Considered one of the best pieces of meat because of its leanness, and definitely one of my favorites, this New York Strip was beautifully cut and perfectly proportioned for a meal for one. My mother ordered this medium-done with no seasonings with the exception of onions and garlic. As with the limoncello chicken, the steak was kissed on a live fire. Nicely charred on the outside, tender on the inside and evenly cooked through, this was a delicious piece of meat even without a single sprinkling of salt or any other seasonings. Served on top of a bed of fresh broccolini, this was a very satisfying meal.
EL NIDO AND ZOZOBRA – A CENTENNIAL CELEBRATION
Over its century plus years in business, El Nido has been a draw for creative types, including famous American artist, Will Shuster, who was a frequent patron of the establishment.
Recognized for his creation of ‘Old Man Groucher’ aka Zozobra, meaning a strong sense of worry or anxiety, this 6-foot effigy was first burned in Shuster’s backyard in 1924. The burning went public in 1926 behind Santa Fe City Hall and has since been a yearly tradition held in Santa Fe’s Fort Macy Park at Zozobra Field every year on the Friday of Labor Day Weekend. An incredible event and spectacle to behold, Zozobra is now a towering, 50-foot tall marionette.
In 1964, El Nido’s owner commissioned Will to paint a mural of the legendary effigy; the paintings were hung in the space where the arched windows leading to El Nido’s garden patio is now.
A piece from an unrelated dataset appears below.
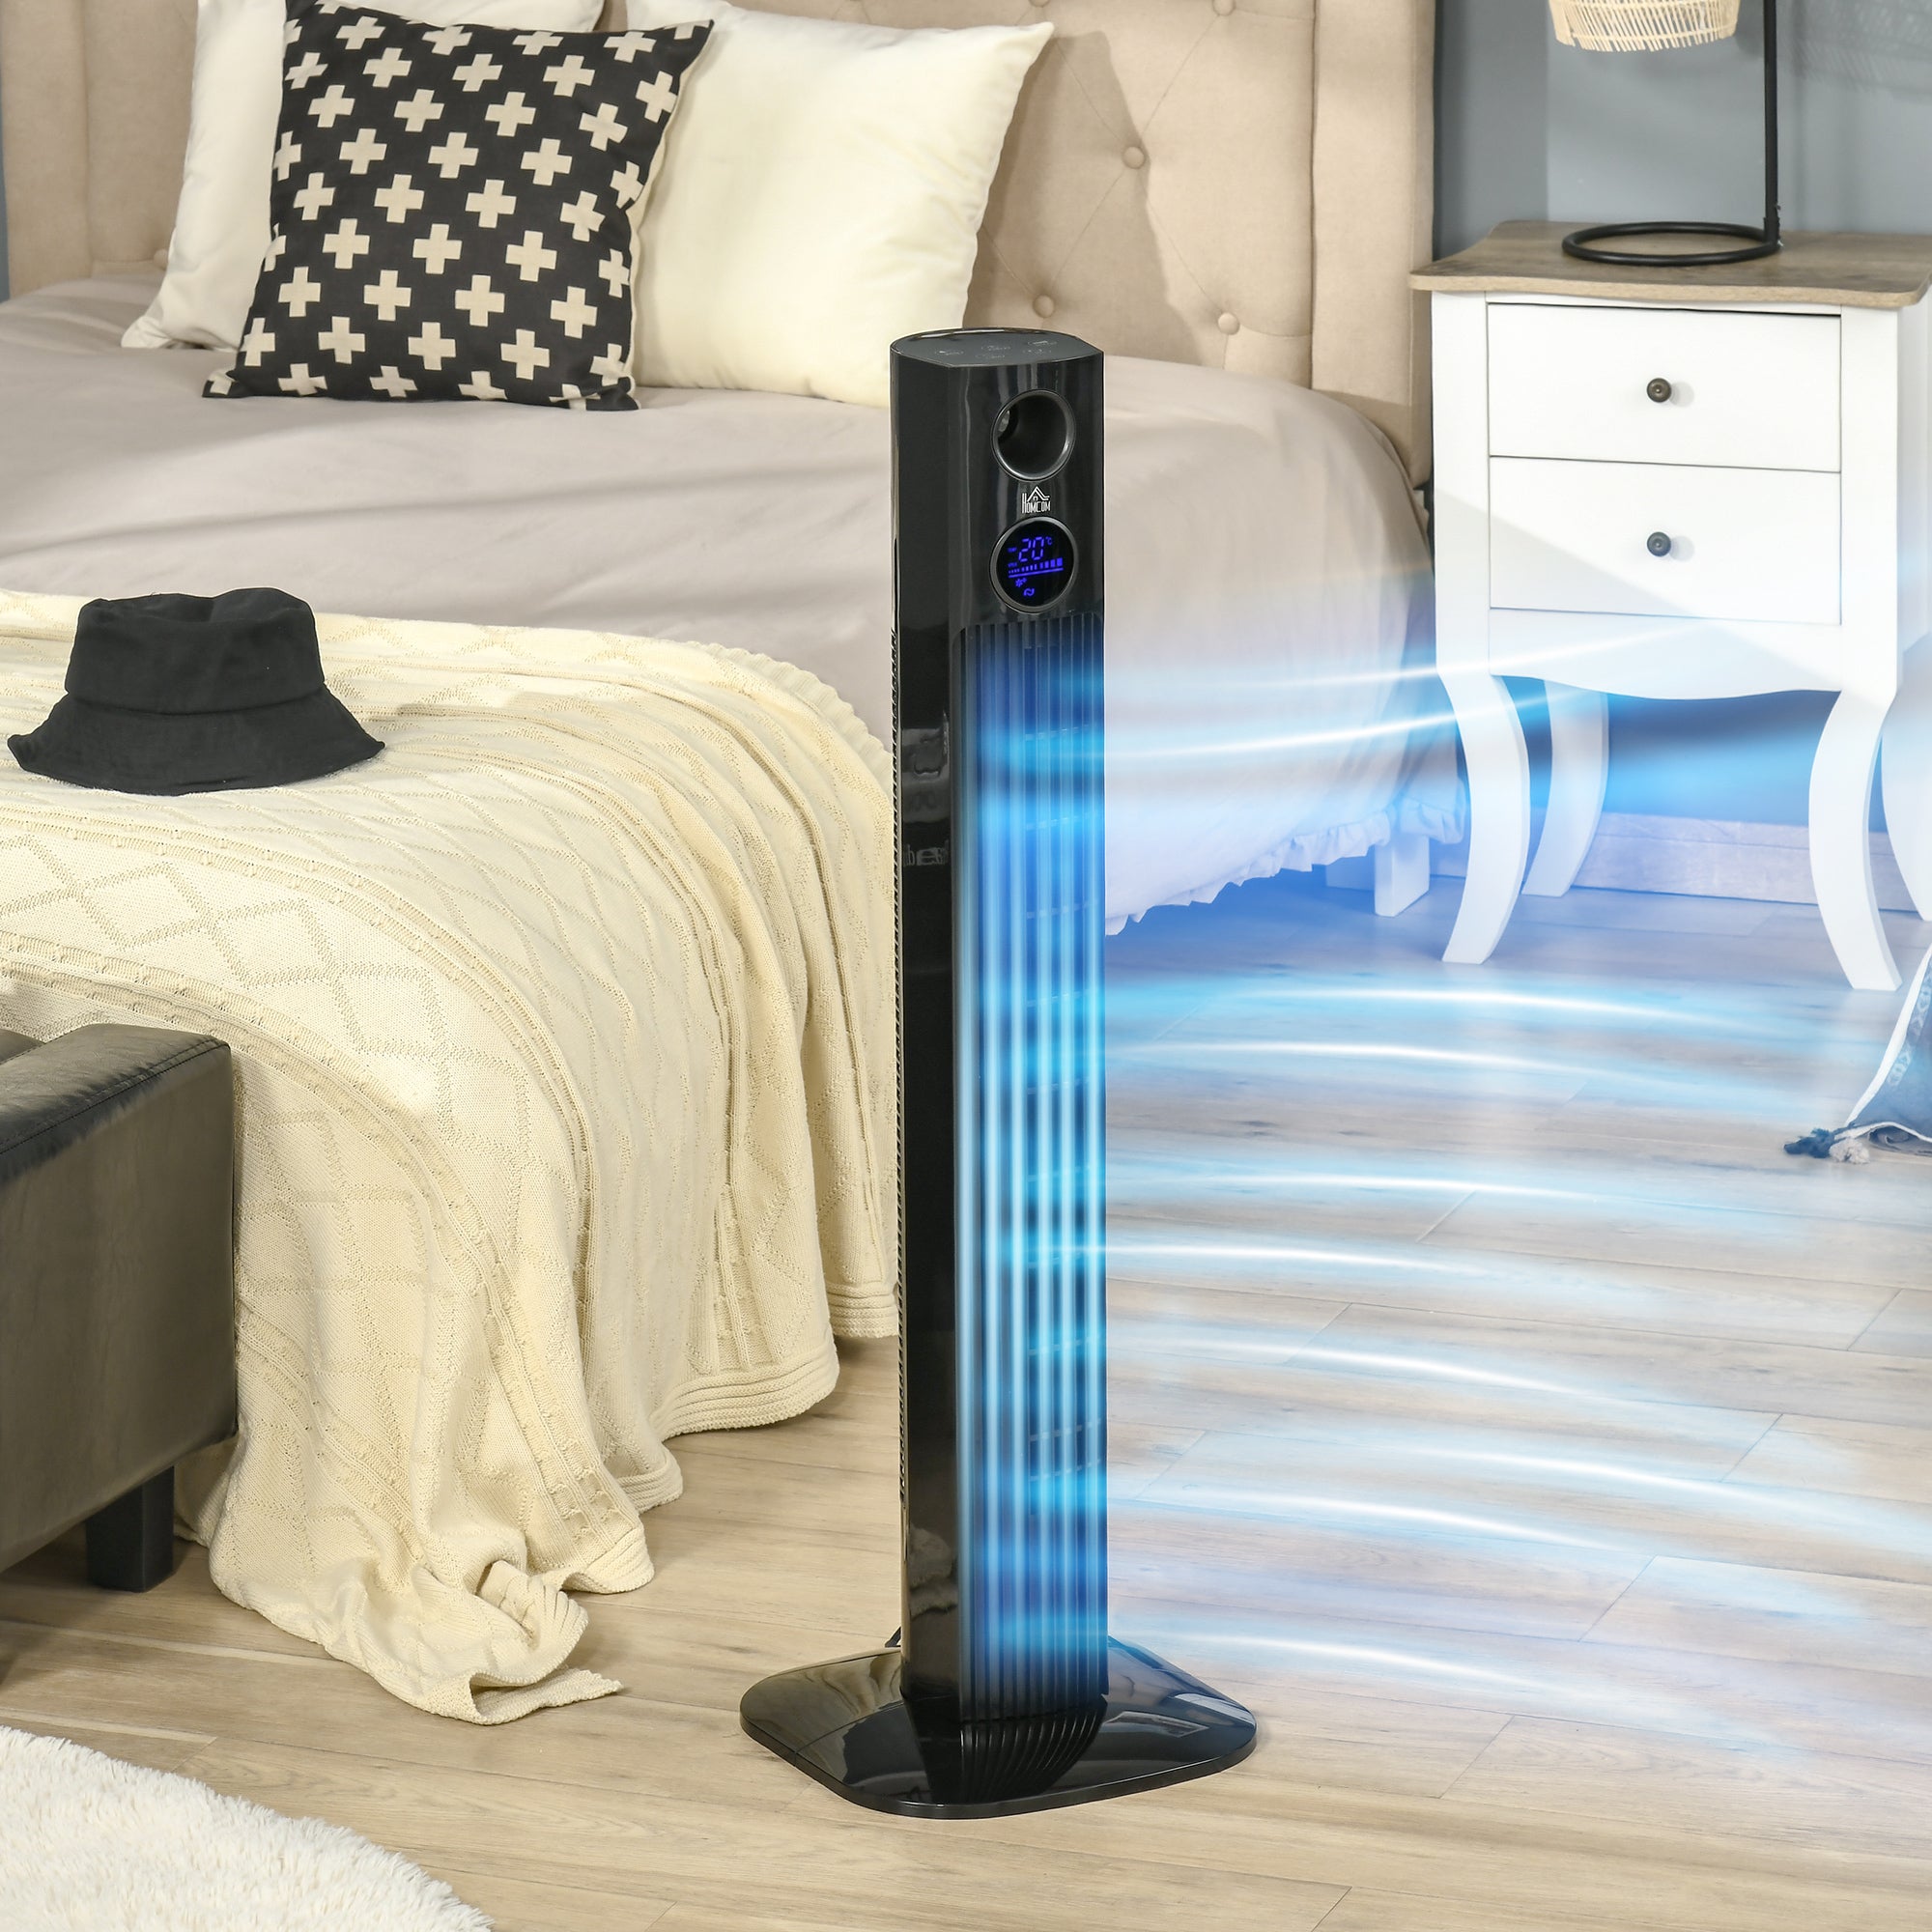 37.75" Tower Fan for Bedroom Cooling with Aroma black-abs

The Kiwanis Club of Santa Fe officially became involved with Zozobra that same year and Shuster assigned them all rights, title, and interest in Zozobra. Today, the Club retains exclusive copyright and trademark to the effigy and images. No longer part of El Nido, the Zozobra paintings can currently be seen in the New Mexico Museum of Art.
In honor of this year’s 100th anniversary of the Burning of Zozobra, and in partnership with the Kiwanis Club of Santa Fe, El Nido will be renaming its bar the Zozobra Bar. The dedication will take place on site, Friday, August 9, 6:30 pm – 8:30 pm. There will be a live musical performance and El Nido will be serving ‘Zororitas’ to celebrate. KOAT will be present to film the event live.